MagicQuillV2: Precise and Interactive Image Editing with Layered Visual Cues
This work addresses the need for more granular control in image editing for creators, offering a novel method that bridges diffusion models and traditional graphics software.
The paper tackles the problem of limited control in generative image editing by introducing a layered composition paradigm that disentangles user intentions into content, spatial, structural, and color cues, resulting in a system that effectively resolves the user intention gap and provides direct, intuitive control.
We propose MagicQuill V2, a novel system that introduces a \textbf{layered composition} paradigm to generative image editing, bridging the gap between the semantic power of diffusion models and the granular control of traditional graphics software.

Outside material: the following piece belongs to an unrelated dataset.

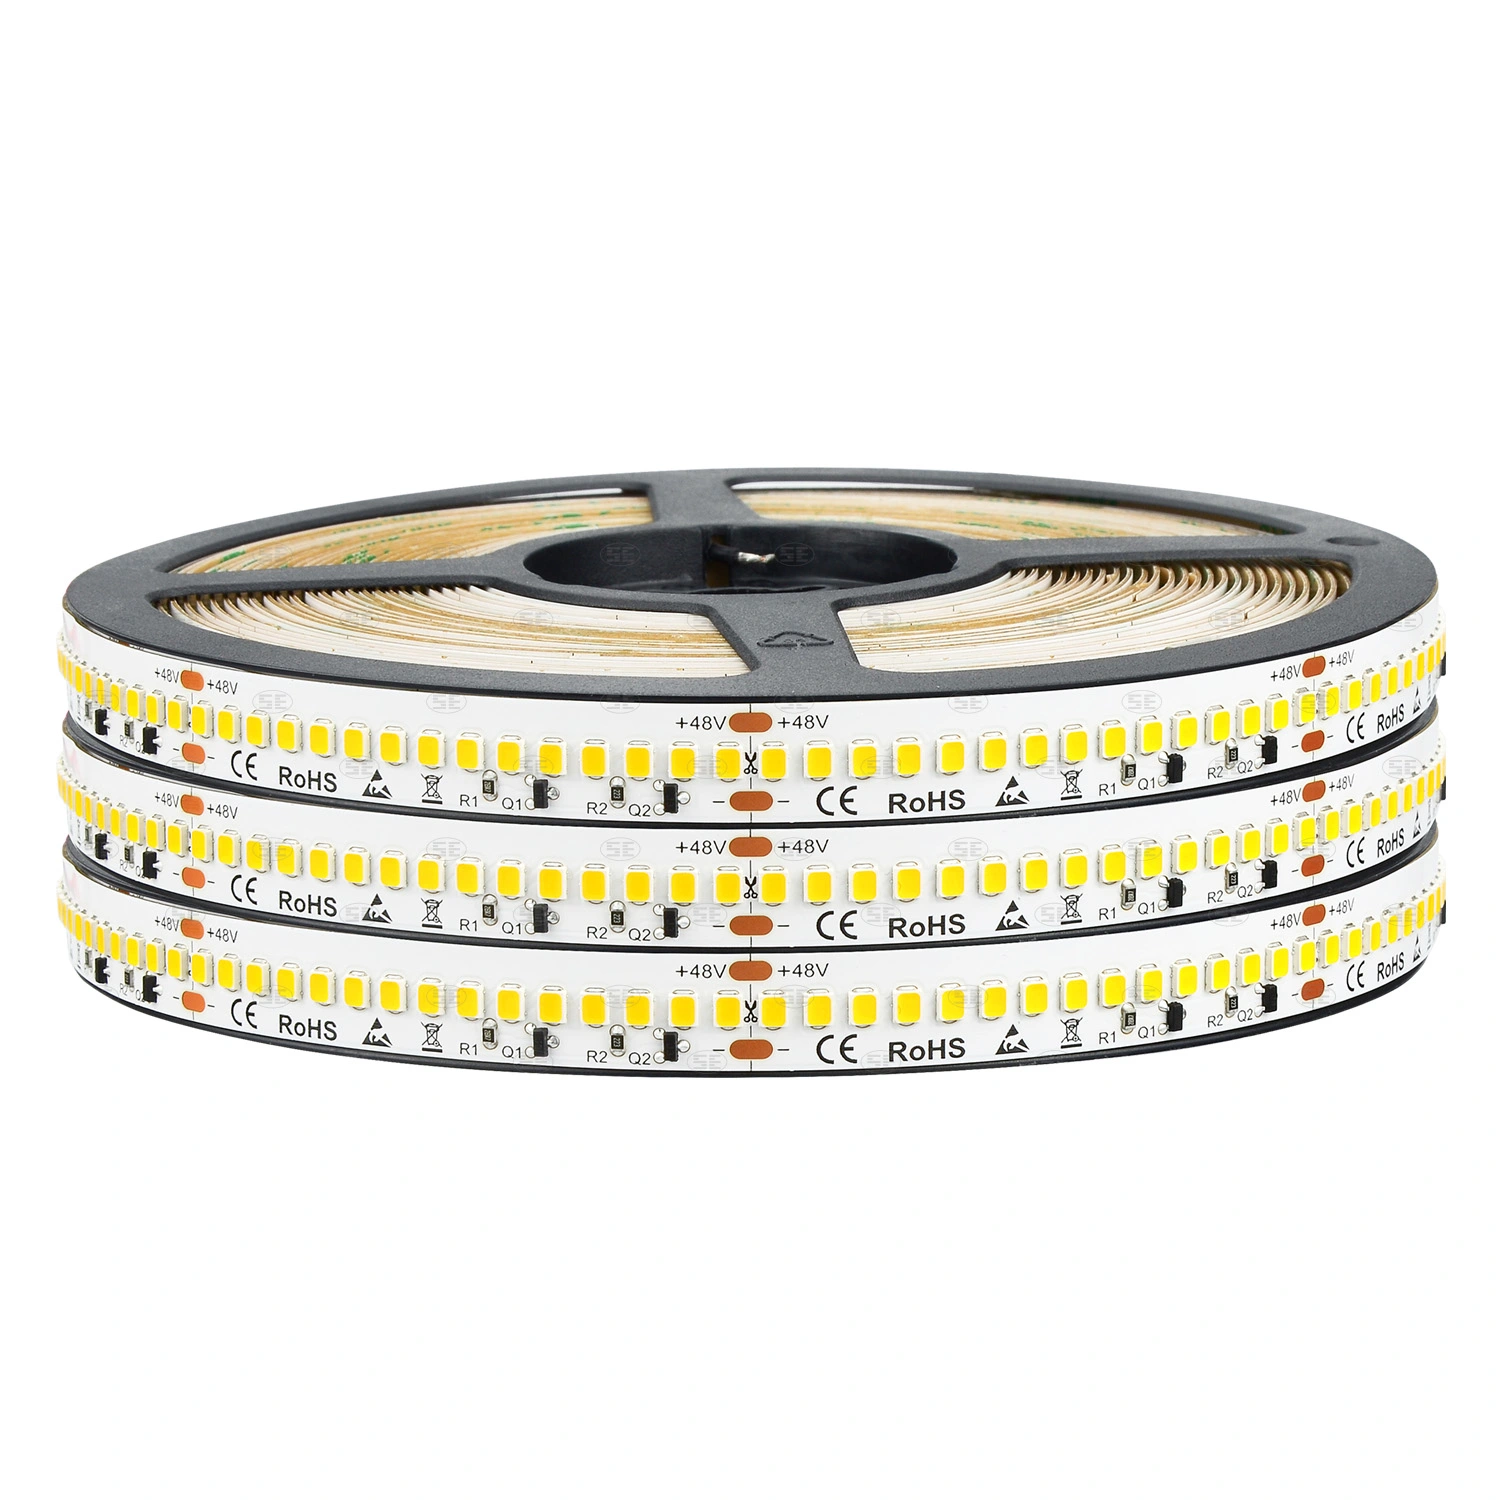 Waterproof LED Strip Lights Constant Current 240LEDs 48V

While diffusion transformers excel at holistic generation, their use of singular, monolithic prompts fails to disentangle distinct user intentions for content, position, and appearance. To overcome this, our method deconstructs creative intent into a stack of controllable visual cues: a content layer for what to create, a spatial layer for where to place it, a structural layer for how it is shaped, and a color layer for its palette. Our technical contributions include a specialized data generation pipeline for context-aware content integration, a unified control module to process all visual cues, and a fine-tuned spatial branch for precise local editing, including object removal. Extensive experiments validate that this layered approach effectively resolves the user intention gap, granting creators direct, intuitive control over the generative process.